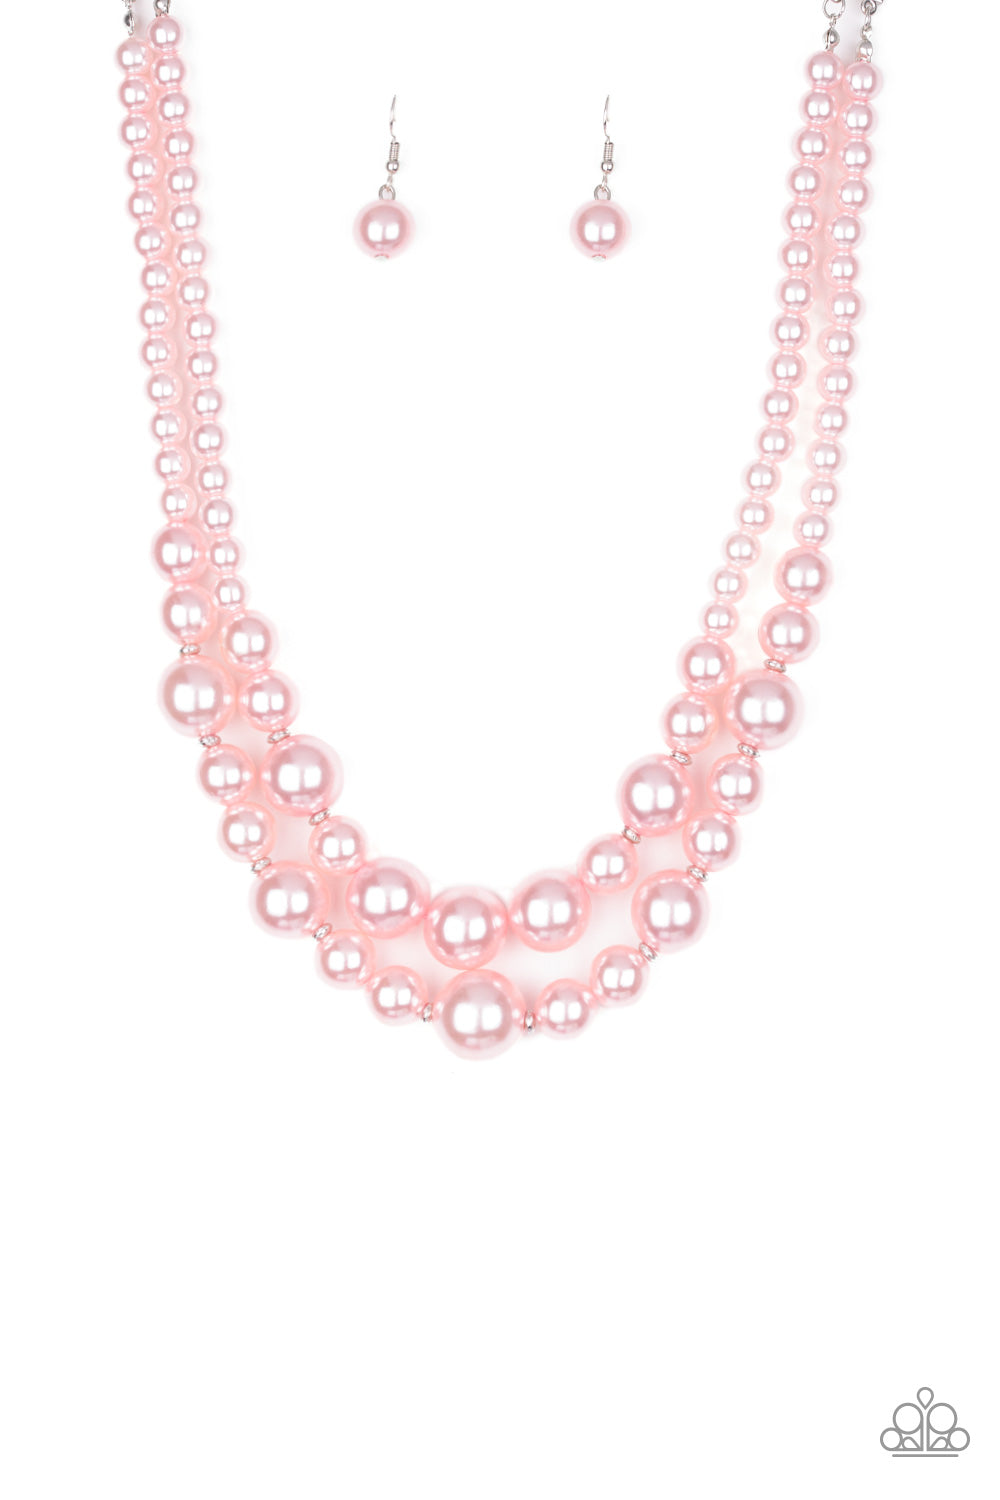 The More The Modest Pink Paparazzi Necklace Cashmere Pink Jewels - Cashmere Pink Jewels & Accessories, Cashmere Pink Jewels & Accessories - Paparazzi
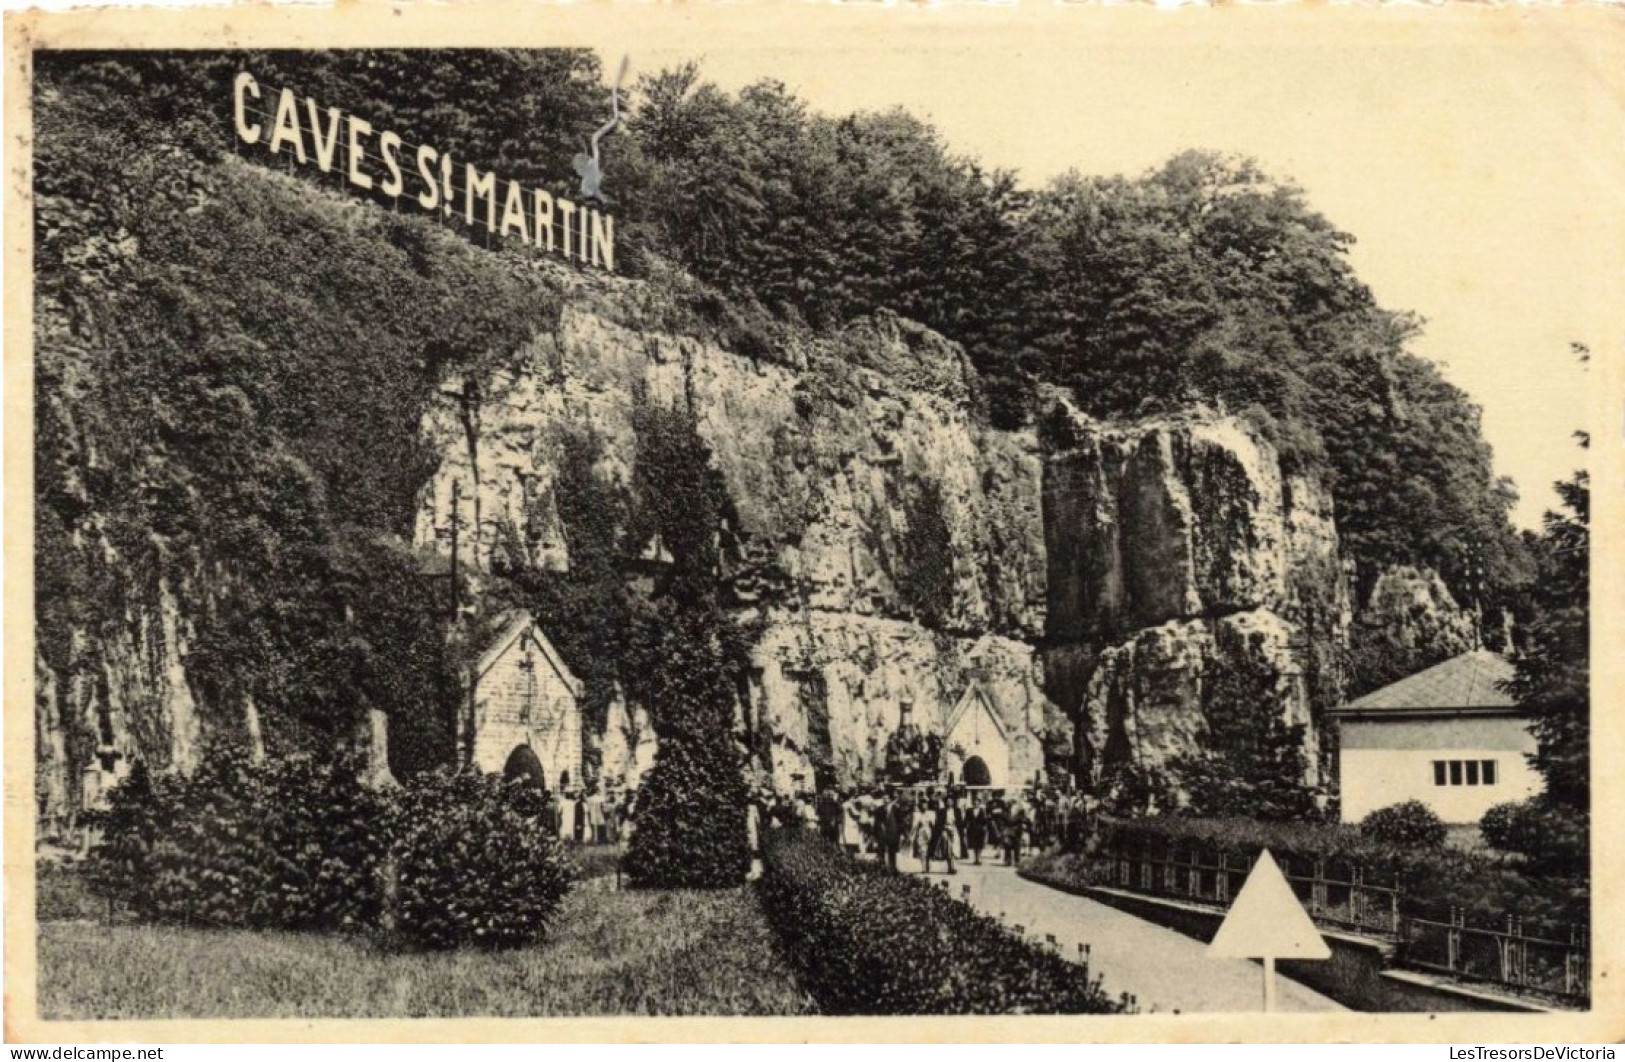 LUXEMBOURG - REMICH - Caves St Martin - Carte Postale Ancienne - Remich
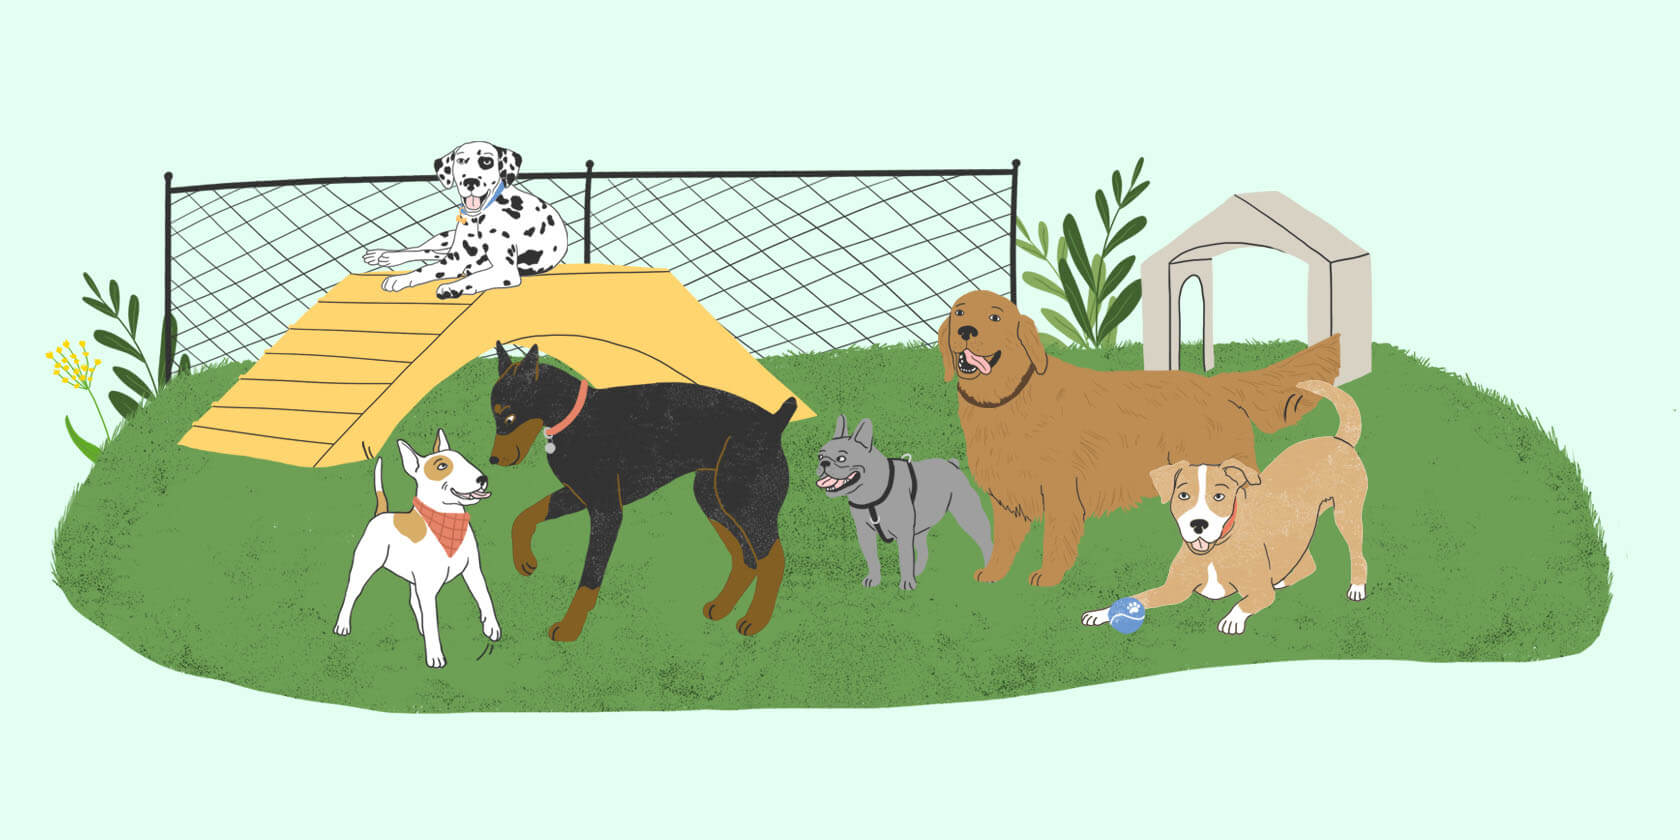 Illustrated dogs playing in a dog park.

(TASK INSTRUCTIONS) Only the pictures are to be left out; the rest of the material above should be printed verbatim.

(EXERCISE ANSWER)
 The More The Modest Pink Paparazzi Necklace Cashmere Pink Jewels - Cashmere Pink Jewels & Accessories, Cashmere Pink Jewels & Accessories - Paparazzi
 LUXEMBOURG - REMICH - Caves St Martin - Carte Postale Ancienne - Remich
 Illustrated dogs playing in a dog park.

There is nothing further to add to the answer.